My suggestion is that you write a perl program to process your file and add each record to the db.
If you're not a perl person, then you could use a programming site or see if some kind SO person will write the parsing section of the program for you.
Added:
Possible Solution
Since the OP states that he can change the input file, I'd change all the new lines that do not follow a " to be a reserved char sequence, eg XXX
This can be an automated replacement in many editors. In Windows, UltraEdit includes regexp find/replace functionality
Then import into the dbms since you'll no longer have the embedded new lines.
Then use SQL Replace to change the XXX occurrences back into new lines.
If you have control over the contents of the CSV file, you could replace the in-field line breaks (CRLF) with a non-linebreak character (perhaps just CR or LF), then run a script after the import to replace them with CRLF again.

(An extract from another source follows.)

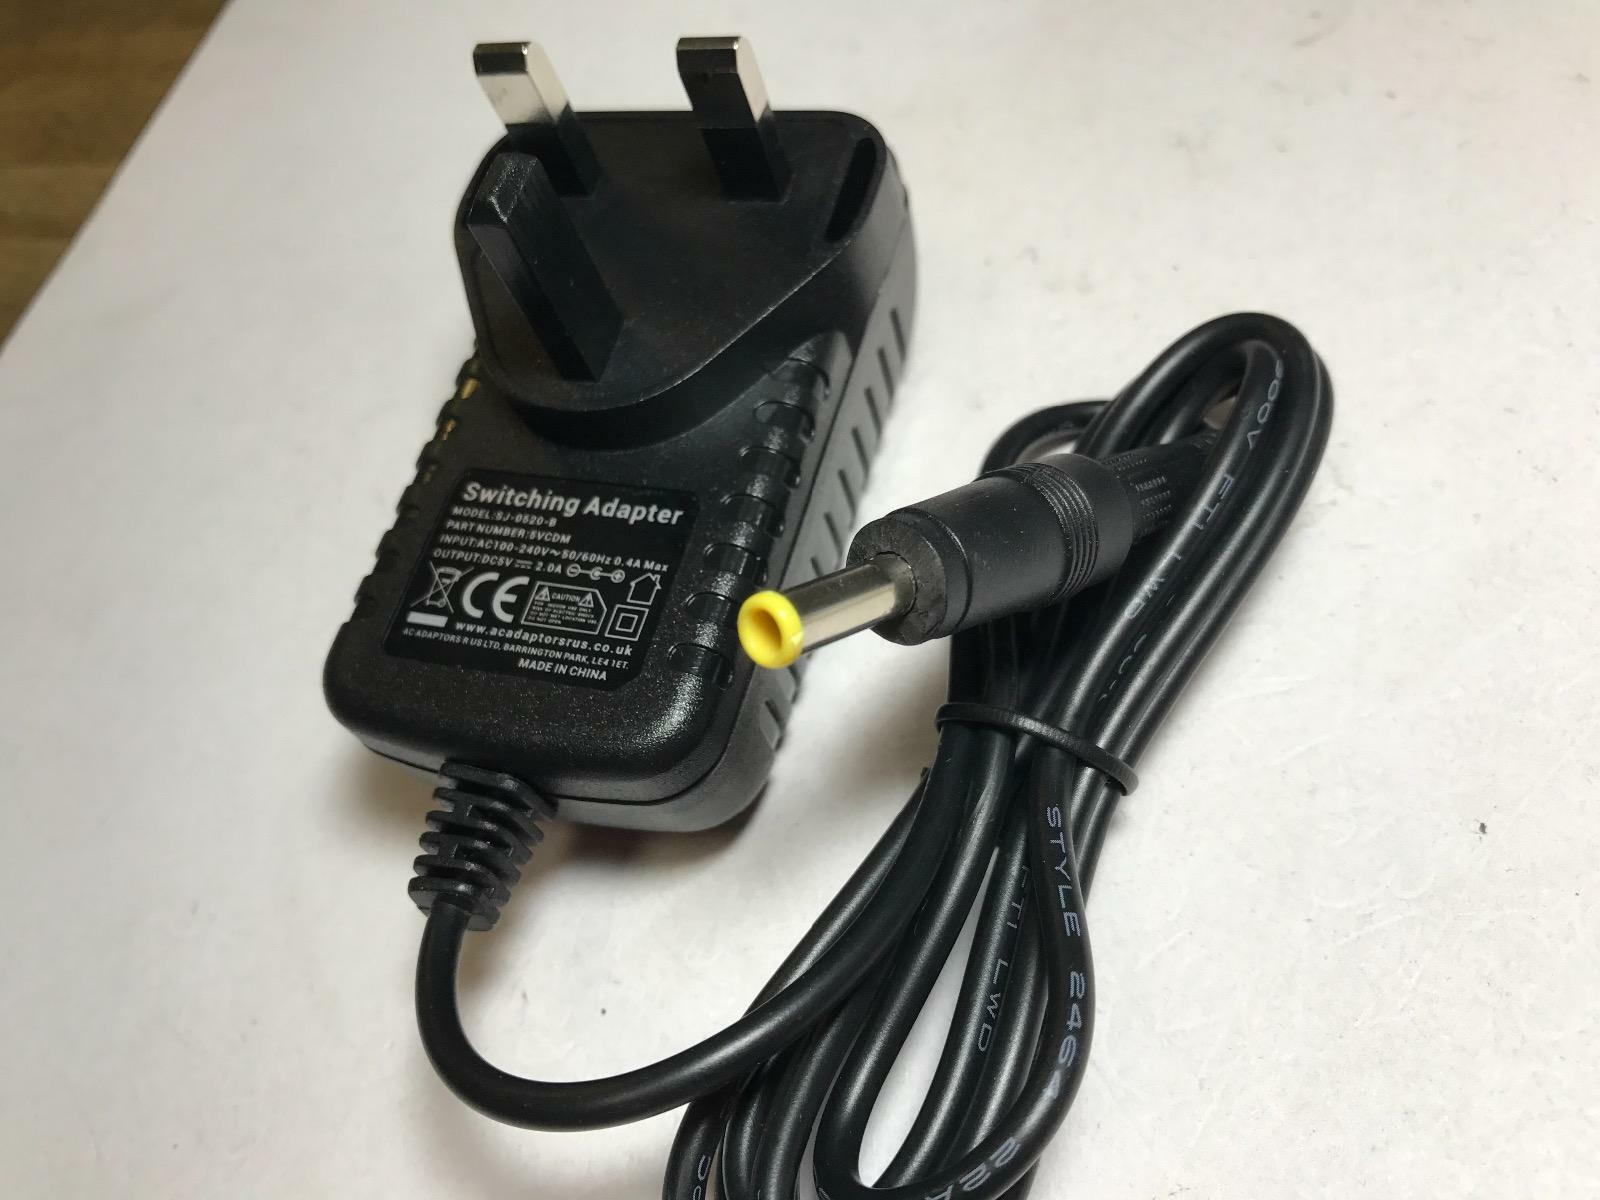 5V 0.5A 500mA AC-DC Switching Adaptor Power Supply 5x3.3 5.0mmx3.3mm

This is how MS Office products (Excel, Access) deal with this problem.
OK, here's a small Java program that I end up writing to solve the problem.
Comments, corrections and optimizations are welcome.
import java.io.*;
public class PreBulkInsert
{
public static void main(String[] args)
{
if (args.length < 3)
{
System.out.println ("Usage:");
System.out.println (" java PreBulkInsert input_file output_file separator_character");
System.exit(0);
}
try
{
boolean firstQuoteFound = false;
int fromIndex;
int lineCounter = 0;
String str;
BufferedReader in = new BufferedReader(new FileReader(args[0]));
BufferedWriter out = new BufferedWriter(new FileWriter(args[1]));
String newRowSeparator = args[2];
while ((str = in.readLine()) != null)
{
fromIndex = -1;
do
{
fromIndex = str.indexOf('"', fromIndex + 1);
if (fromIndex > -1)
firstQuoteFound = !firstQuoteFound;
} while (fromIndex > -1);
if (!firstQuoteFound)
out.write(str + newRowSeparator + "\r\n");
else
out.write(str + "\r\n");
lineCounter++;
}
out.close();
in.close();
System.out.println("Done! Total of " + lineCounter + " lines were processed.");
}
catch (IOException e)
{
System.out.println(e.getMessage());
System.exit(1);
}
}
}
You cannot import this unless the CSV is in valid format. So, you have to either fix the dump or manually using search & replace fix the unwanted new line characters.